Indeed the data of Kalucka et al., 2020, support that RPTPγ is broadly expressed in endothelial cells from arteries, capillaries, and the venous system. Based on the data from Kalucka et al. – that are publicly available through the EC Database at https://endotheliomics.shinyapps.io/ec_atlas/ – we have now expanded Figure 1 to show the endothelial expression patterns in different vascular beds and blood vessels of various sizes (Figure 1C-E).

– UK Biobank data analysis. The reported differences between cases and controls after age- and sex-matching is a useful initial step. However, the authors should conduct additional analyses after correcting for other clinical characteristics, particularly smoking, diabetes, hypertension, dyslipidemia, and history of previous cardiovascular events.

We thank the reviewers for these suggestions and have now thoroughly revised and updated the UK Biobank analysis. The following changes were done:

a) The initial genetic analysis of the exome variants within PTPRG was based on the SPB pipeline (see van Hout et al., 2019). It is now known that the SPB pipeline did not correctly identify genetic variants, which is why this data set has been retracted and replaced by a new genetic data set generated using the Functionally Equivalent pipeline (PMID: 30279509). For our study, this means that the number of genetic variants was reduced from 80 to 75 predicted loss-of-function (pLOF) variants in PTPRG.

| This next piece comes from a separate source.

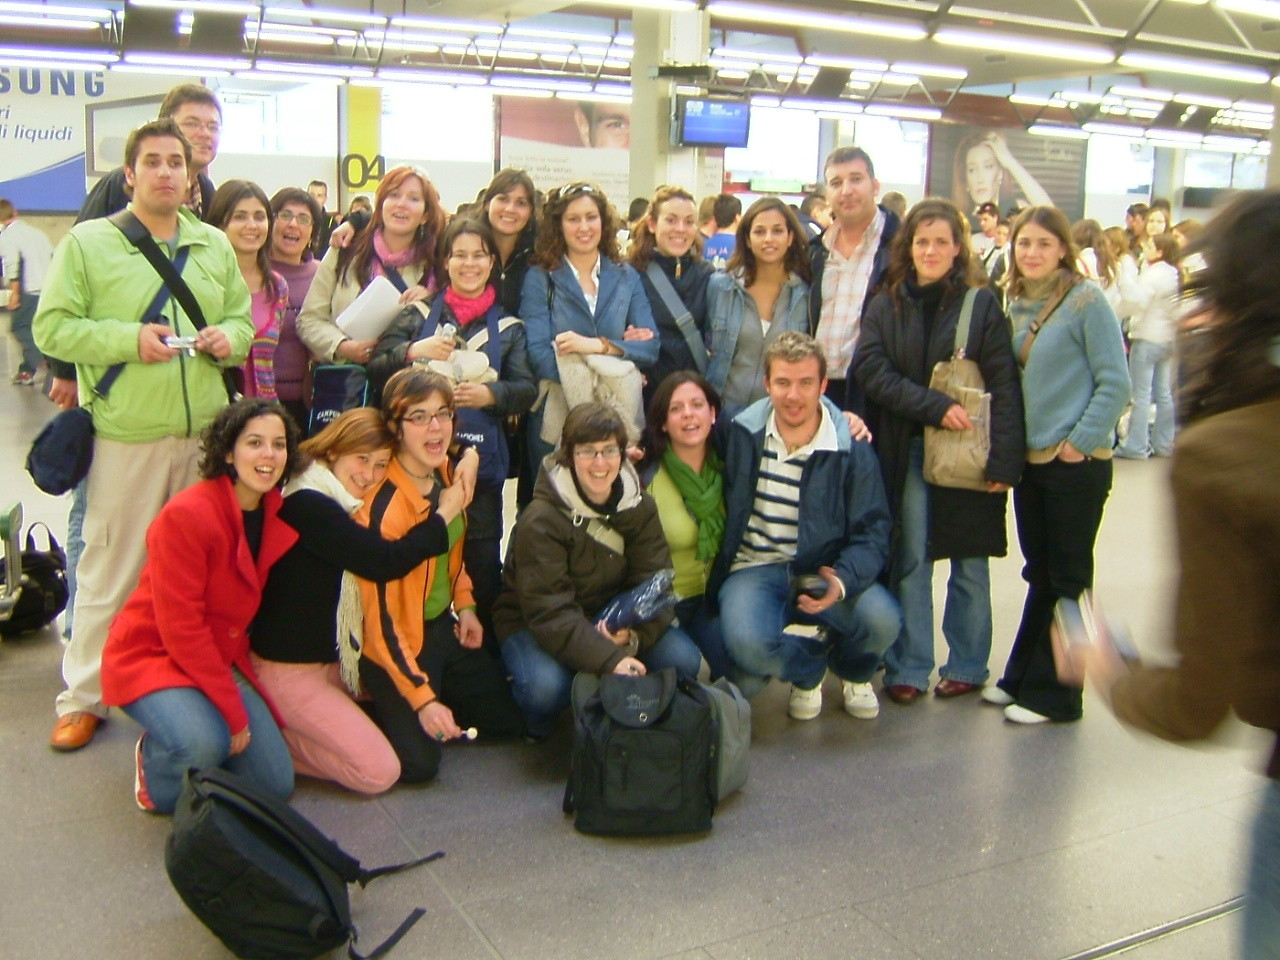 2004. Salida aeropuerto

b) Besides the errors within the original release of the UK Biobank exome data, we unfortunately observed another error relating to the extraction of individuals carrying pLOF variants. In our original report we stated that a total of 1,288 individuals were carrying at least one pLOF variant. This is not correct. We used an earlier version of the R package qgg (PMID: 31883004) to extract genotypes and phenotypes, which at that time had an issue reading the data correctly (such that individuals with missing genotypes were included). The package has been updated, and we have now extracted the correct information.

c) Since our first submission, seven UK Biobank participants have withdrawn their consent, and as a consequence we had to remove these individuals from our analysis.

d) In addition to these corrections, we have now also extracted additional information from the UK Biobank to allow us to conduct new analyses where we correct for sex, age, body mass index, genetic principal component, smoking status, dyslipidemia, diabetes mellitus, and hypertension. To best perform these analyses, we now test differences based on logistic regression analyses (Figure 7A-C) or multiple linear regression analyses (Figure 7D).

e) In the original analyses, we divided the UK Biobank participants between controls and carriers of any PTPRG pLOF variant irrespective of its predicted severity. In the new analysis, we have used additional information dividing the pLOF carriers into those with low, moderate, and high predicted impact.

f) We have now also expanded the analyses to include self-reported health status (Figure 7C) and left ventricular ejection fraction (Figure 7D).